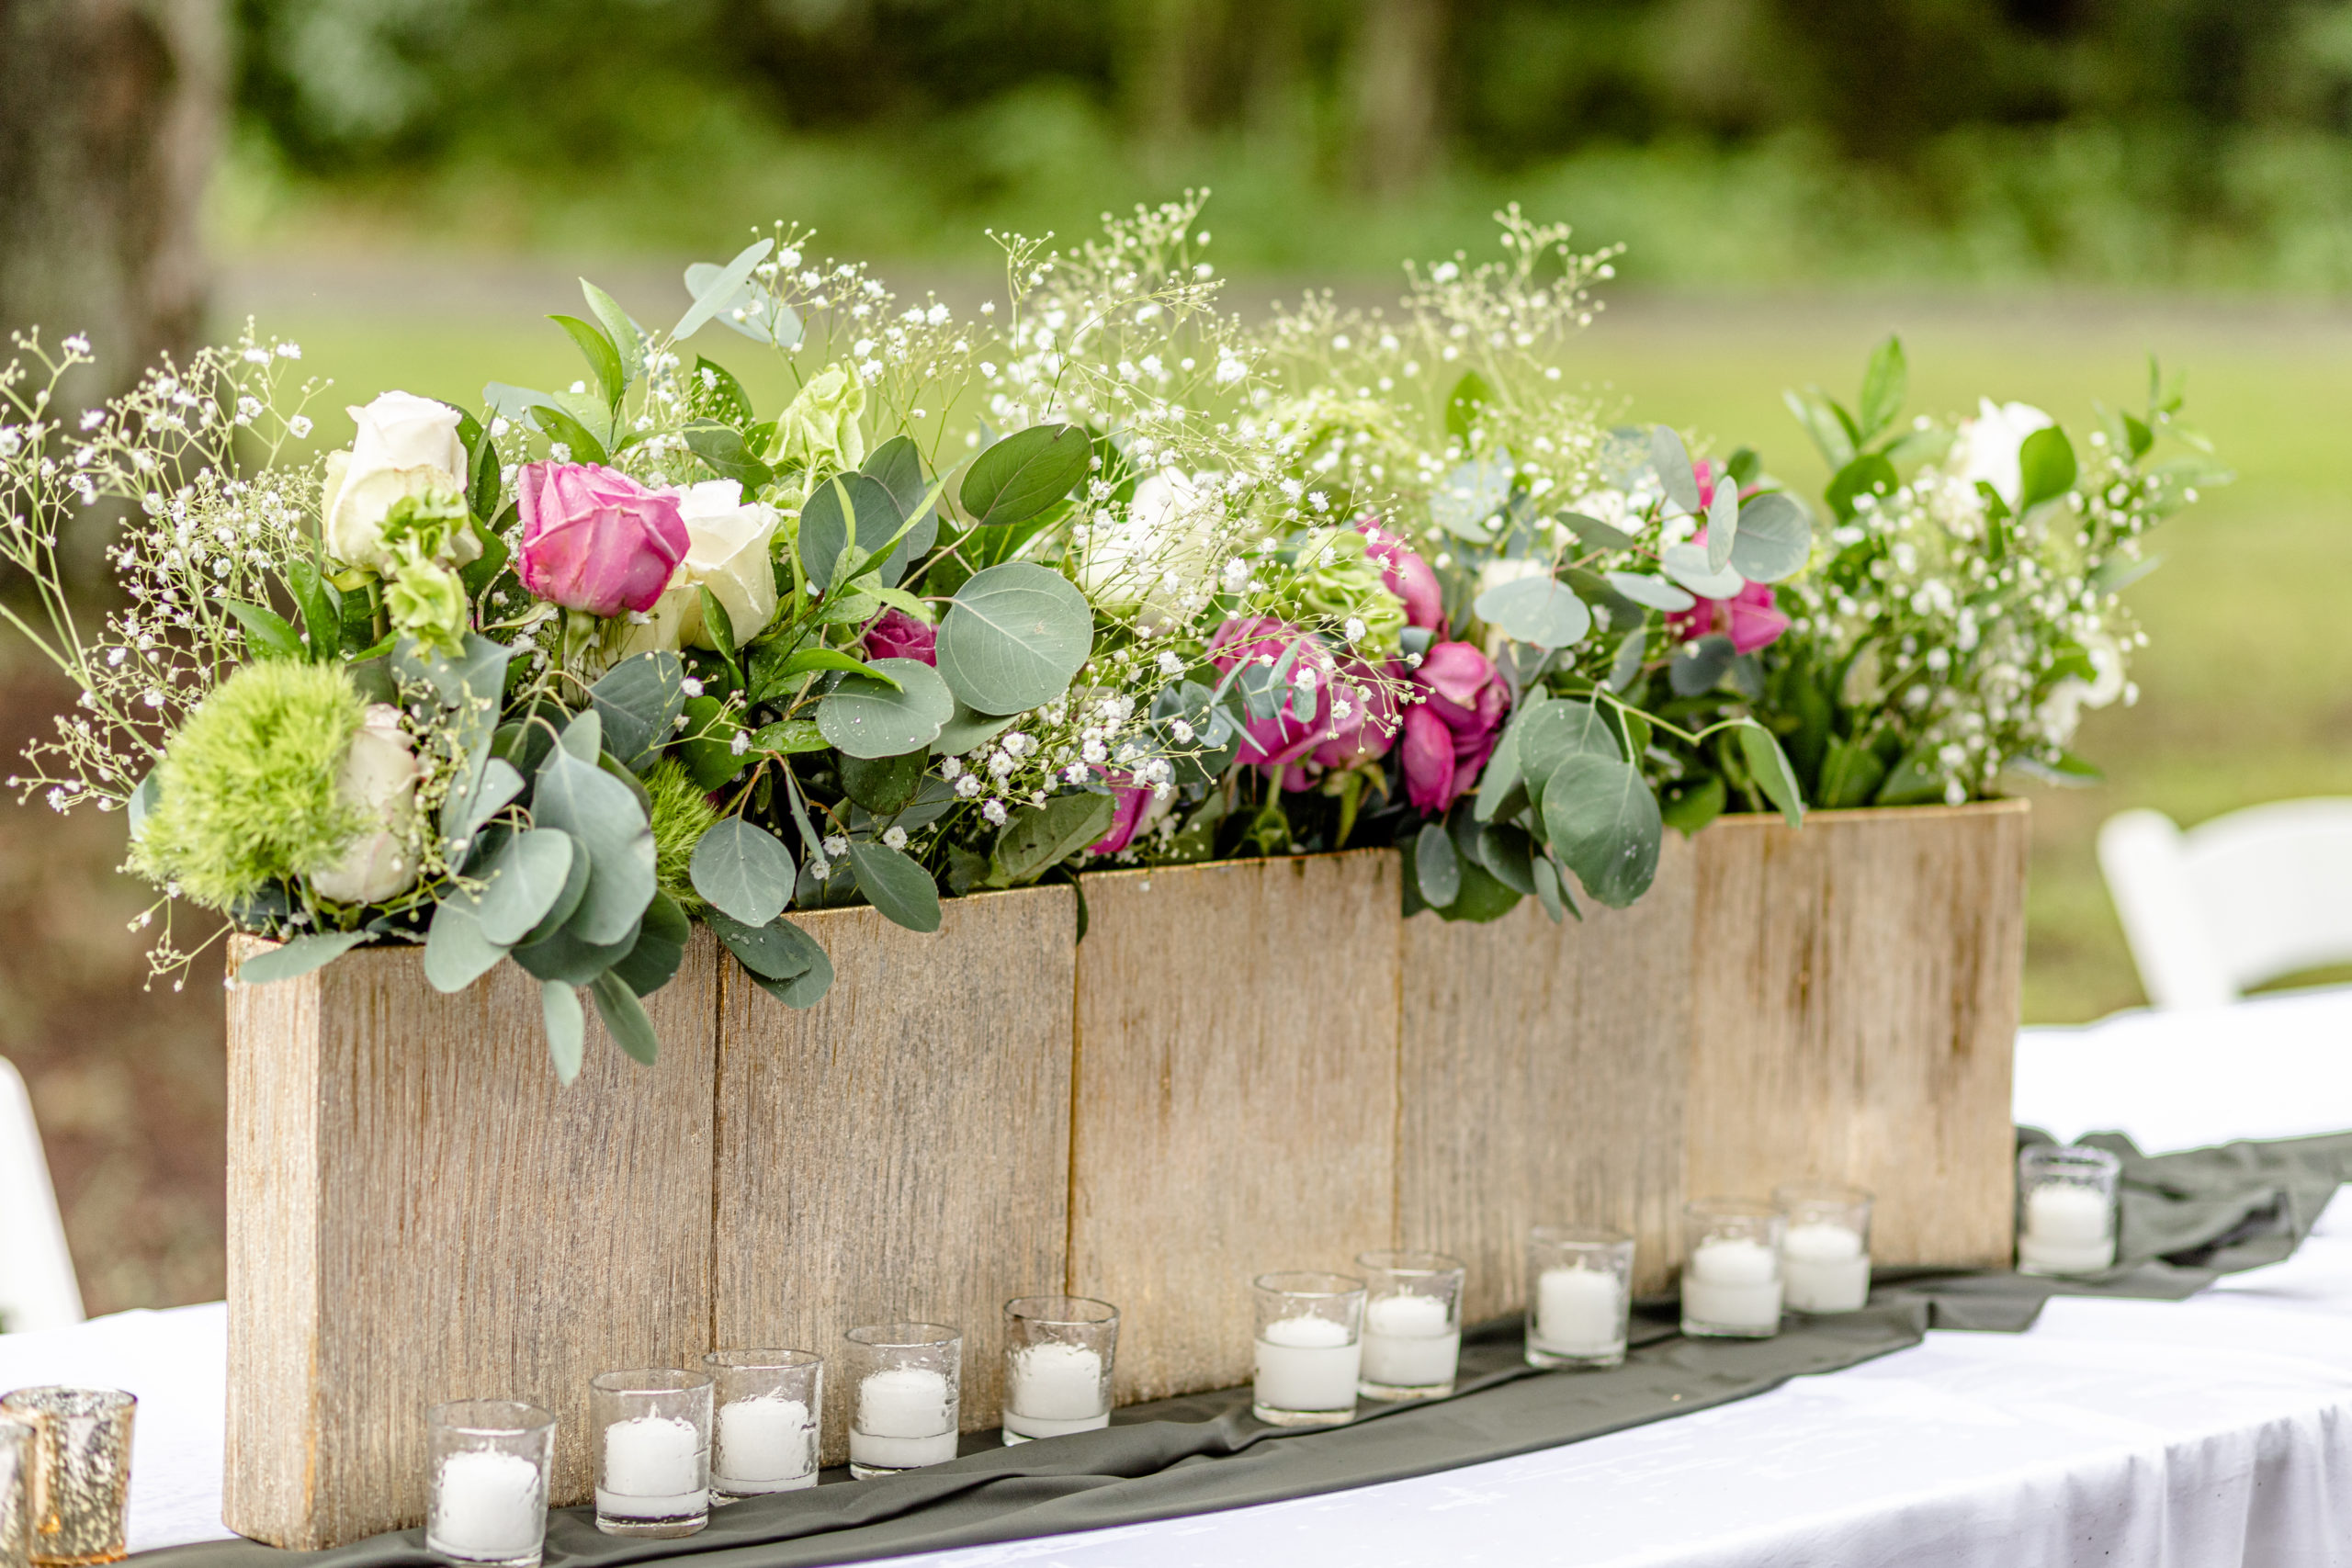 wedding florals, wedding greenery, wedding centerpieces, wedding succulents, pink and green wedding flowers, pink and green wedding centerpieces, wedding table arrangements
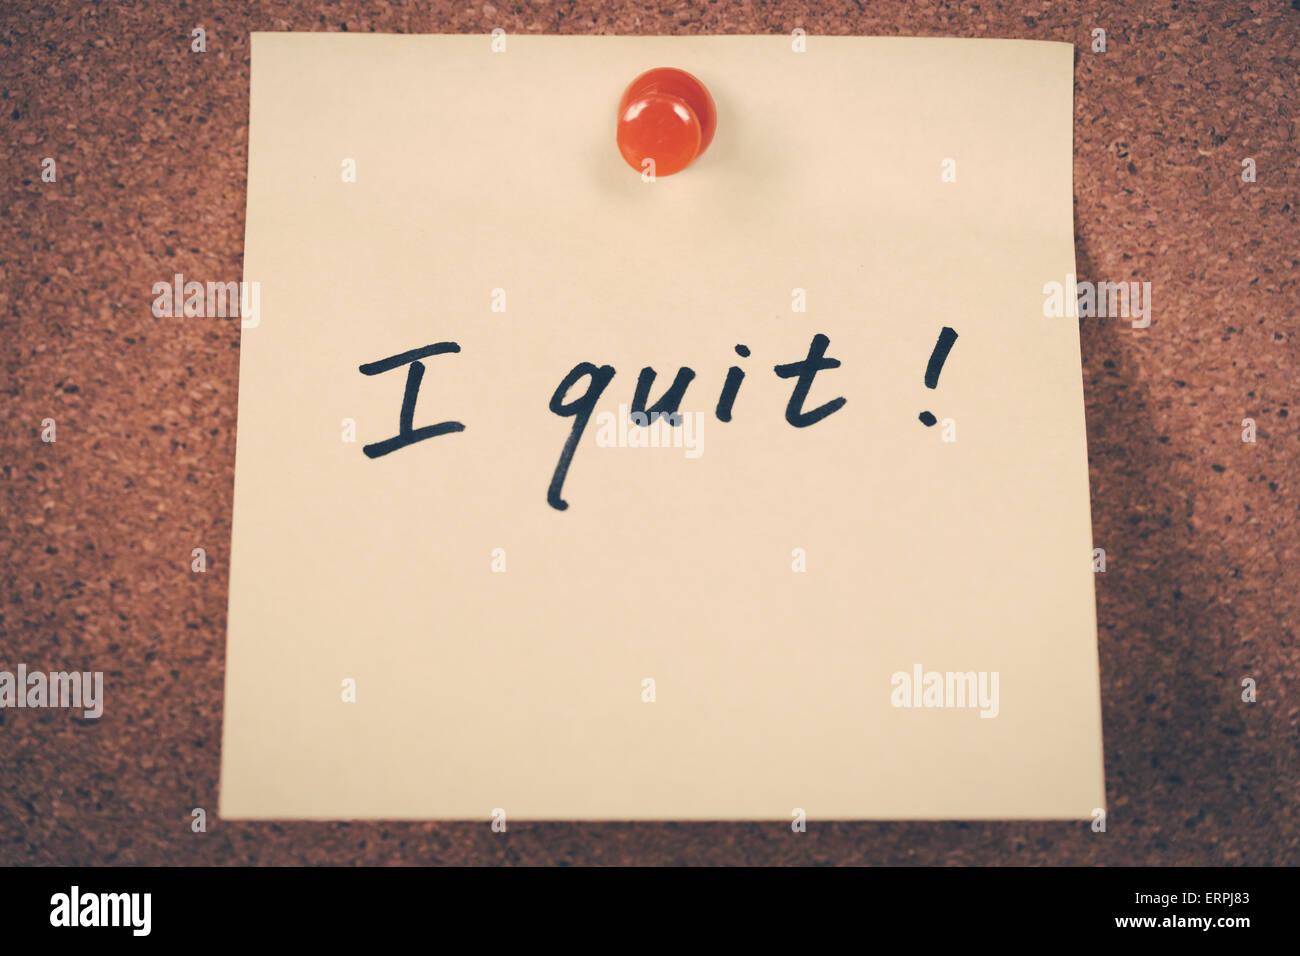 I quit - Stock Image
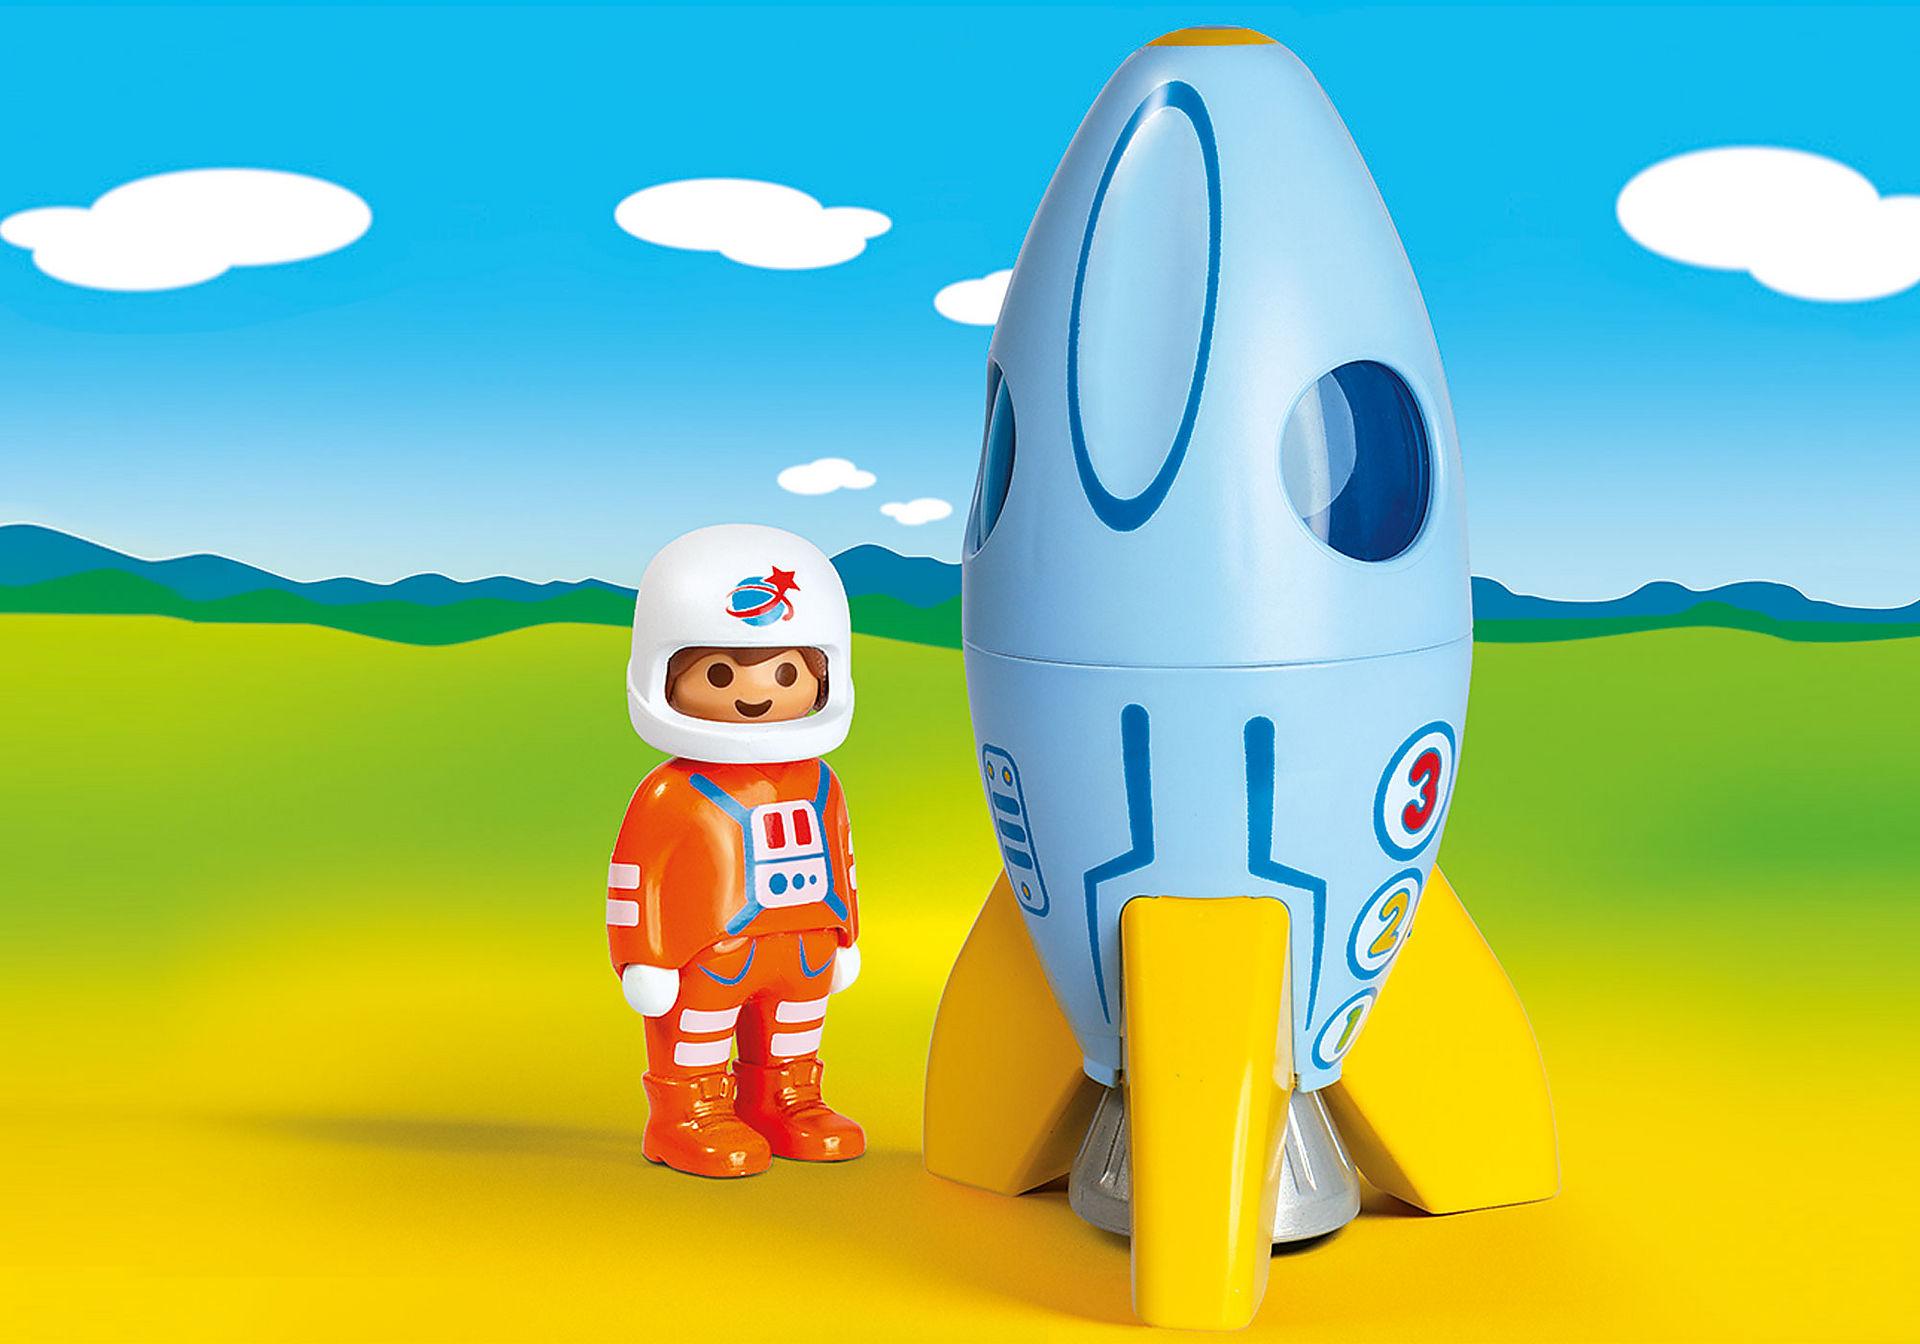 70186 Razzo con astronauta 1.2.3 zoom image1

---------------

Each of the lines above should be transcribed exactly; no image is to be copied.

- _Solved exercise_
 wedding florals, wedding greenery, wedding centerpieces, wedding succulents, pink and green wedding flowers, pink and green wedding centerpieces, wedding table arrangements
 I quit - Stock Image
 70186 Razzo con astronauta 1.2.3 zoom image1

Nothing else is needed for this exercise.